For both wells, the percentage of methane and other hydrocarbons is significantly higher than the "less than 1 percent" figure stated by Continental Resources. But the gas is also not primarily methane or natural gas as reported by Friends of the Earth. The environmental organization said it is asking Continental Resources to provide additional information about the composition of the gas flared from 2007 to 2013.
Earlier this month, regulators in North Dakota allowed a 10-month delay, until November 2016, before oil and gas producers are required to capture 85 percent of natural gas produced from their wells.
"Their goal first and foremost is to go in and get the oil out," said Jeremy Nichols of the environmental group WildEarth Guardians. "With oil you don't need that much infrastructure. You need tanks and a truck. With gas it's more complex. Companies just aren't willing to make that investment while the getting is good for oil."

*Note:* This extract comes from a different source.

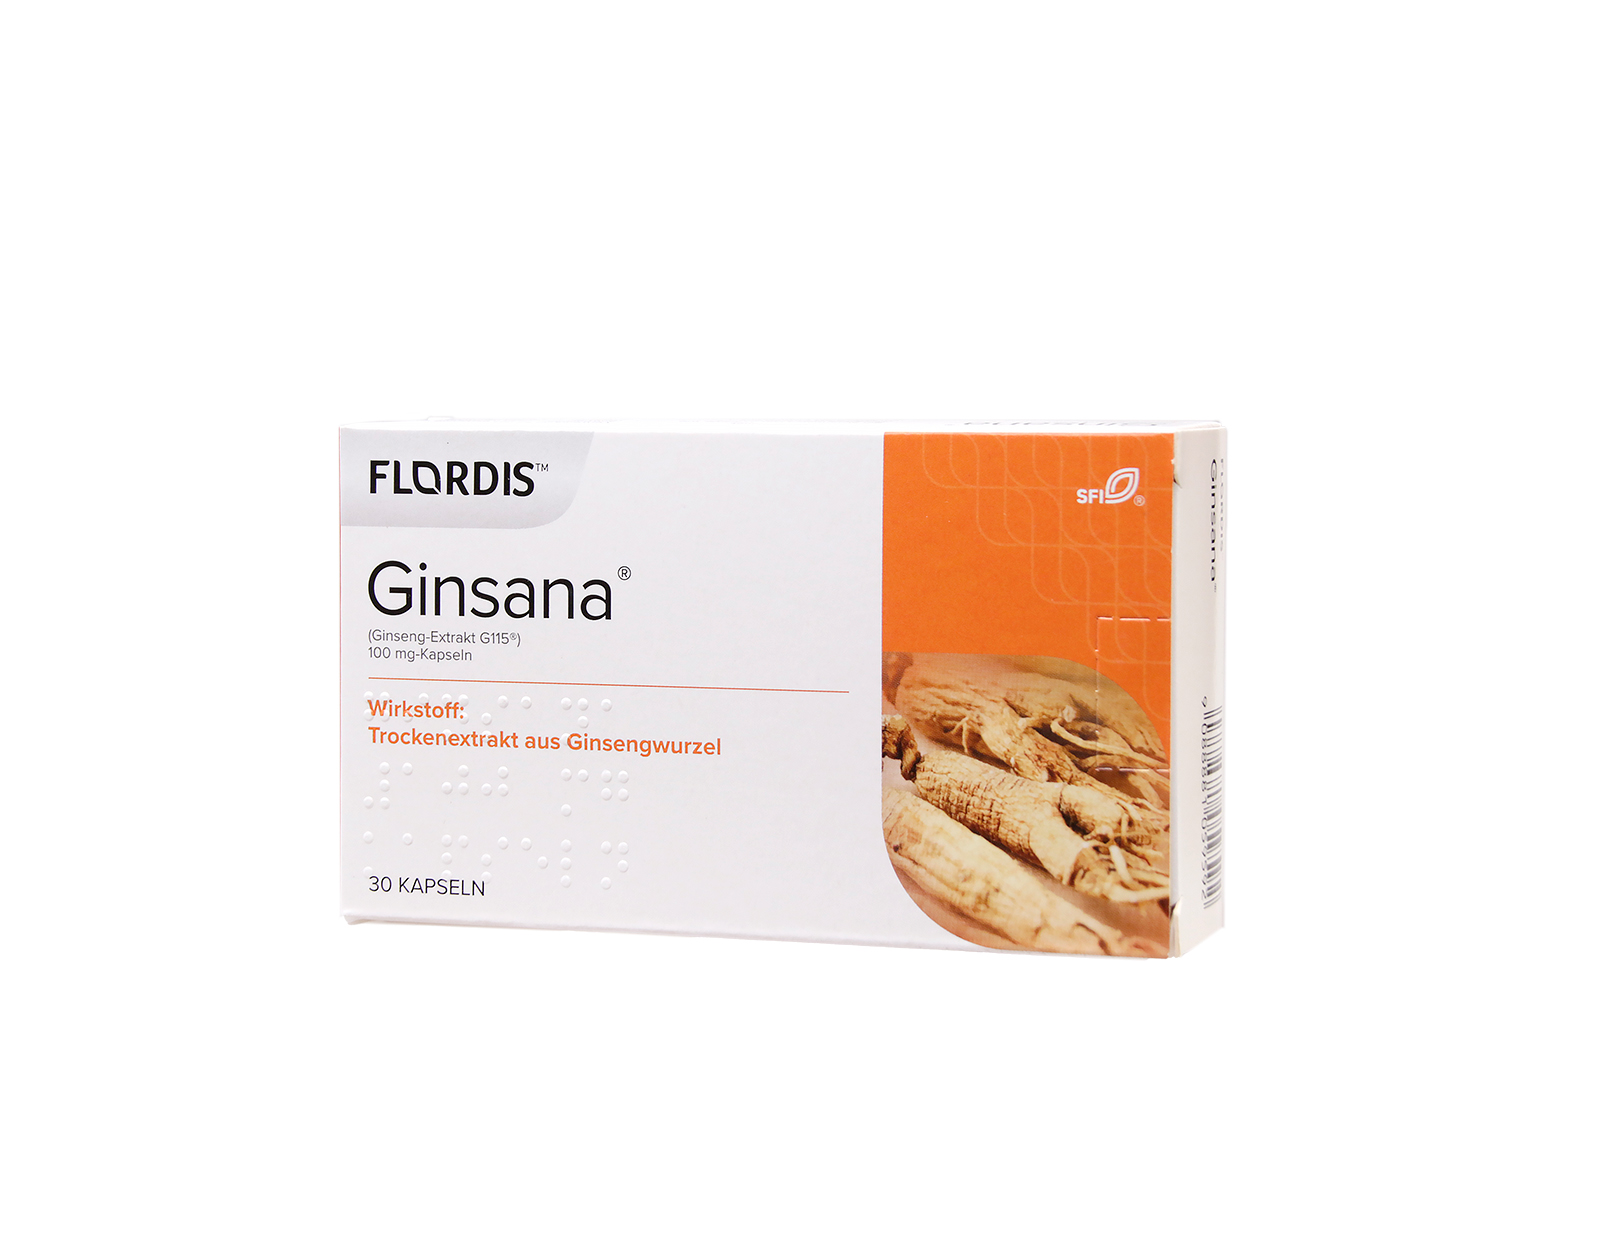 Ginsana (Ginseng-Extrakt G 115) 100 mg - Kapseln

The BLM challenges the notion that it allows companies to flare unlimited amounts of gas, saying producers that wish to flare must prove that capturing the gas would lead to a premature abandonment of recoverable oil reserves. Companies must also submit a plan that eliminates flaring within one year, according to BLM spokesperson Bradford Purdy.
The widespread practice of flaring natural gas without paying royalties, however, doesn't make sense given what is known about climate change, environmentalists said.
"The BLM is approaching it from the standpoint of 'Well, if we didn't let them flare, then they wouldn't develop the oil, and we'd rather get the oil and get the money from that,'" said Nichols of WildEarth Guardians. "Absent from that thinking is the climate consequences. Is it really worth it if you consider the cost of those emissions being produced? I think the answer in most cases is we are not reaping a benefit and in the process we are effectively incentivizing a very dirty form of energy."